During the presidential campaign, “the rhetoric is so dramatic, you think you’re deciding between FDR and a (staunchly conservative) candidate from the 19th century,” Zelizer said. “I’m sure most Republicans see Obama as a big-government liberal and most Democrats see Romney as a right-wing, Tea Party zealot.”
In fact, Zelizer said, both Obama and Romney were “relatively in the middle of the political spectrum, with limits on what they (could) achieve in a gridlocked Washington.”
It may be too soon to tell whether the 2012 election will be a turning point in how Americans view the role of government in society. But the election does appear to mark another type of political transition.
Romney, 65, could be the last Republican of his generation to make a serious bid for the White House. The Republicans who appear to be in position to run for president in 2016 represent a new generation of leaders who generally are more conservative than their predecessors.
They include Romney’s running mate, Wisconsin Representative Paul Ryan (42), Florida Sen. Marco Rubio (41), Louisiana Gov. Bobby Jindal (41), former Pennsylvania Sen. Rick Santorum (54), New Jersey Gov. Chris Christie (50) and House of Representatives Majority Leader Eric Cantor of Virginia (49). For them and any other Republicans who might consider a run for the White House, Tuesday’s election results brought a sign of potential trouble ahead.

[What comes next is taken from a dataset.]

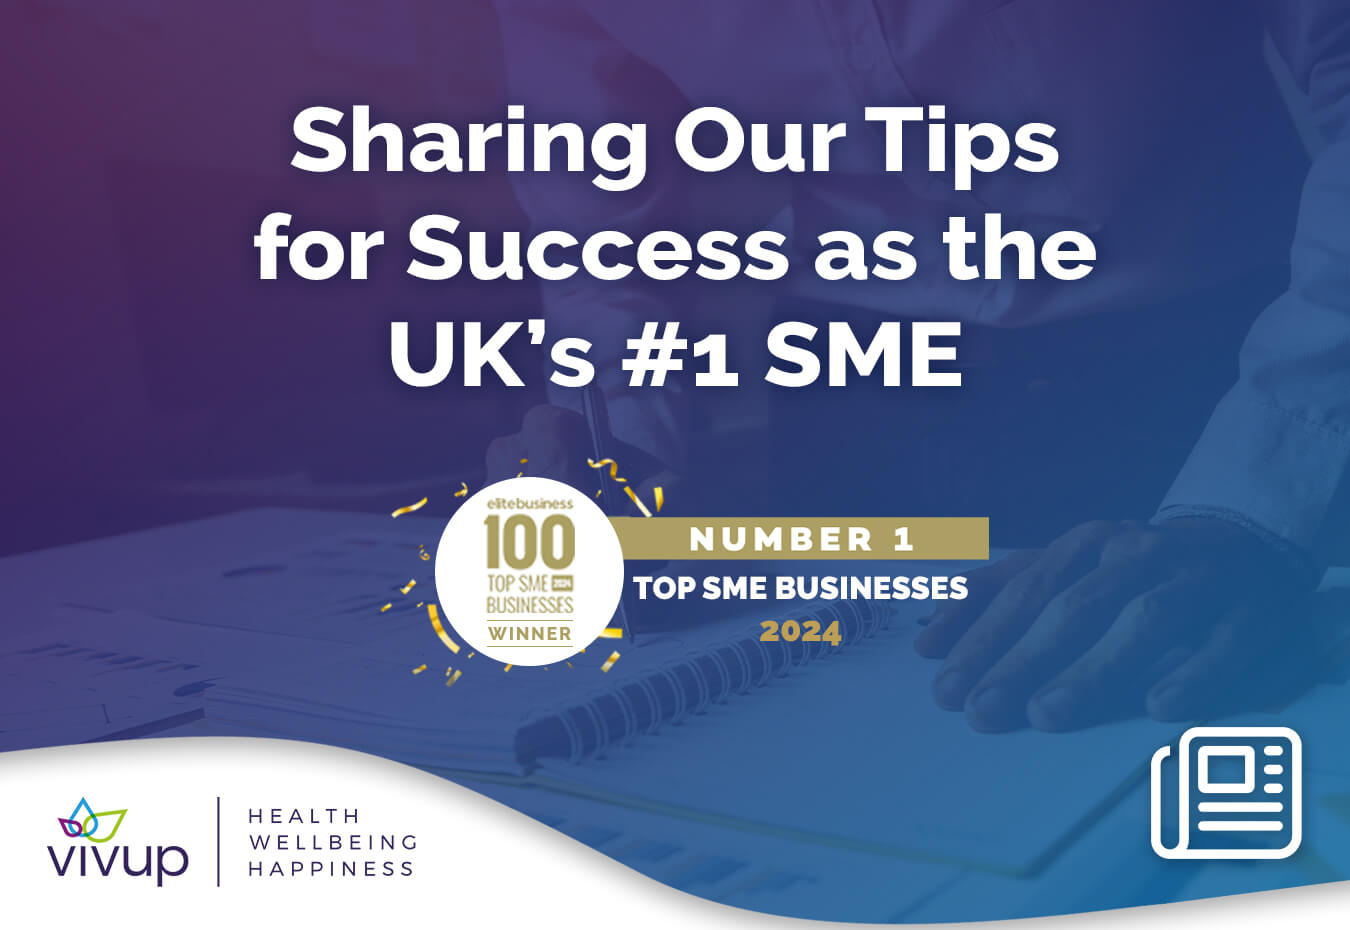 Top Tips for Success for SMEs

Obama won about 66 percent of the vote among Hispanics, who make up about 17 percent of the US population and are projected by the Pew Research Center to account for nearly 30 percent by 2050.
The Republican Party’s harsh stance on immigration has hurt its ability to attract Latinos, according to analysts who say the new generation of Republican contenders will need to tone down the party’s harsh rhetoric on immigration or risk certain defeat in several states because of Hispanics siding with Democrats. “We certainly seem to be at the end of some thing, and at the beginning of another, when it comes to Republican candidates,” SMU's Jillson said. “The Republican Party is untenable in its current form and in serious trouble as a viable governing vehicle (because) the Democratic Party is more attractive to growing constituencies — anyone who feels vulnerable and as if they may need support.”